Alas, it was cold yesterday in the garage, so we (yes! Cousin Taylor’s back to help!) decided to perform the heater ritual. Ah, the sweet localized warmth of the heater.

We were kind of elbowing each other out of the way all night to stand in front of it.

Last time Taylor was helping, we were just squeezing rivets on the flap.

This time, I needed his help shooting and bucking. Instead of just blasting off, we did about a 15 minute lesson.

I made him go through the whole routine:

Measure and Mark (see picture below), Drill, deburr, dimple…

Carefully marking a new hole on my practice piece.

Then, I shot one rivet, and then I made him do it alone, then we did a third one with him shooting and me bucking.

All three were perfect.

Since I’m so skeptical, I didn’t want to start into the bottom skins with only one teamwork rivet under our belt, so I drilled a few more holes and we shot the rest. They all ended up perfect, but we got a good feel for communication, etc.

I find it useful to explain that we want about 10 “hits” (although they happen so fast you can’t really count them) in about 1-1.5 seconds.

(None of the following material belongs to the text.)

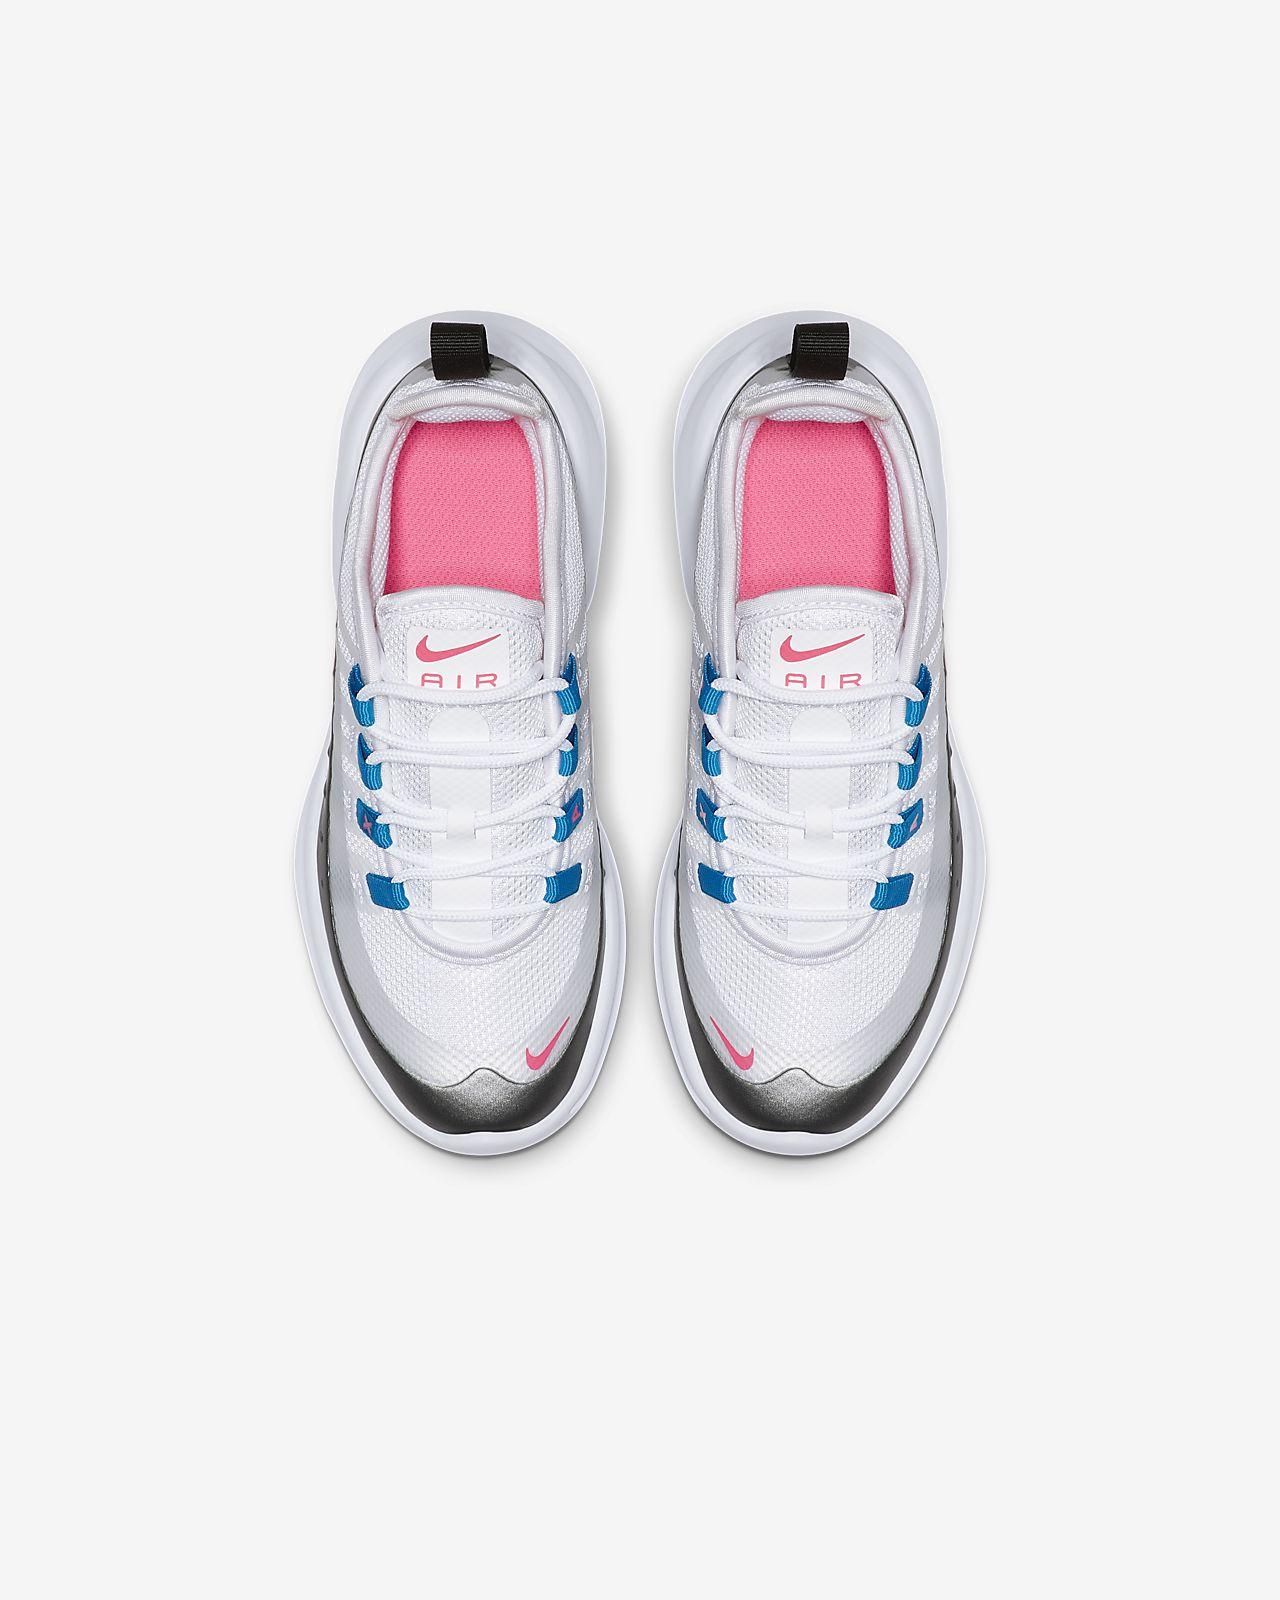 Nike Air Max Axis Schoen voor baby'speuters. Nike NL

If some where a little light, I was able to ask for “4 more hits” or “6 more hits,” and he always delivered the perfect amount of additional shooting. Can’t ask for anything better than that.

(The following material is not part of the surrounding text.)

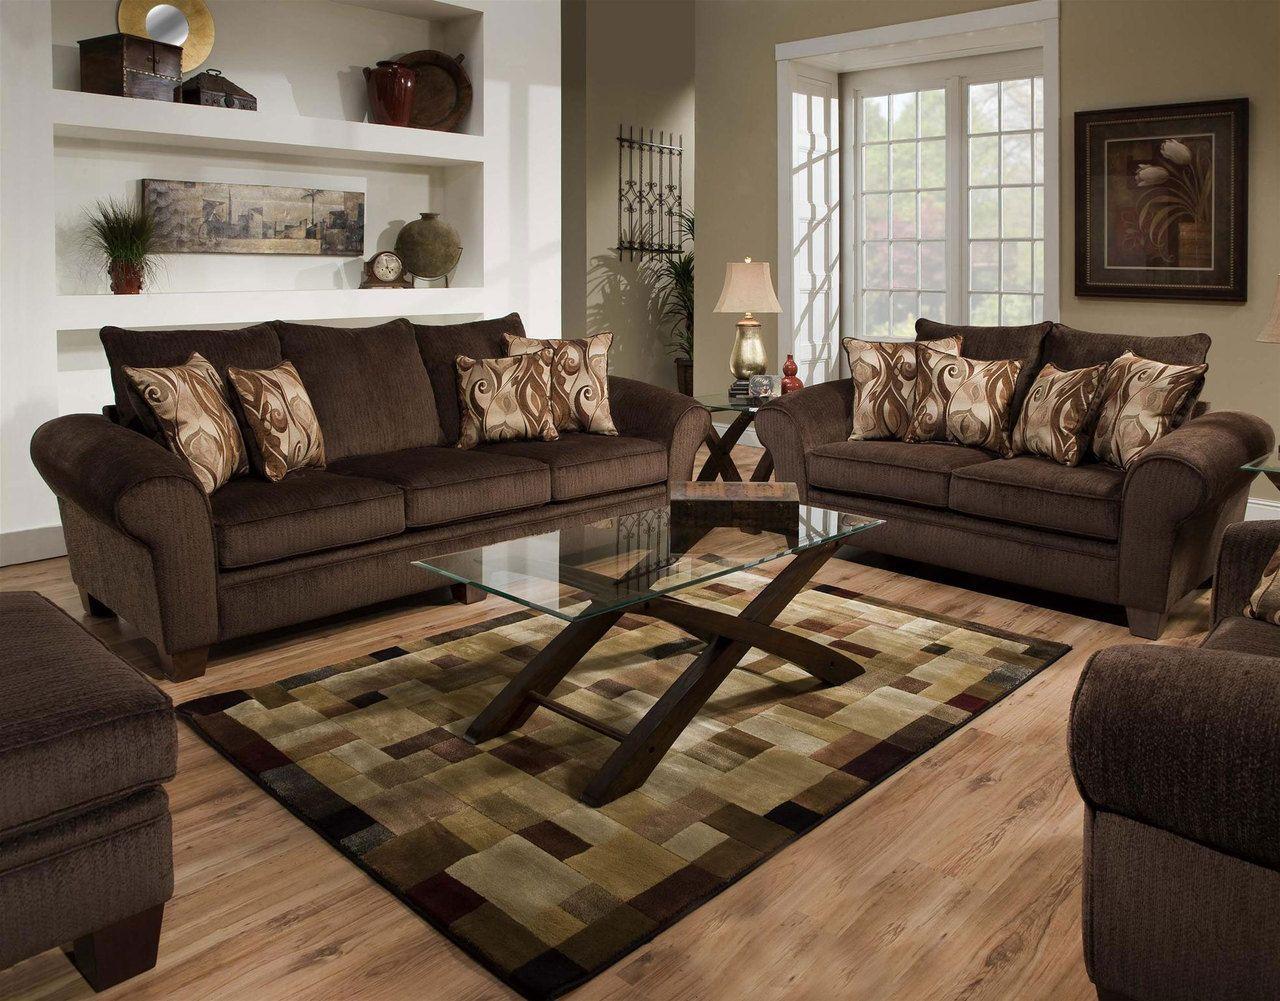 Envy Godiva Sofa  Brown living room decor, Sofa and loveseat set

We ended up setting the rest of the rear spar, rib, and main spar rivets (including about 8 that I couldn’t reach alone yesterday) and then 15 more on the flap brace.

For one of the “hard to reach” rivets, I was laying on the ground with my whole arm in the inspection port. I got my arm in there, then had to shift my whole shoulder into the port. Not comfortable, but we got it done.

Here’s the after shot.

We were too busy riveting to take any during pictures.

After getting the whole inboard skin done, we just had to peel off the blue tape.

You know, to give you a good reflection of my work benches.

1.5 actual hours, with 2 people. 3.0 build hours, 63 rivets.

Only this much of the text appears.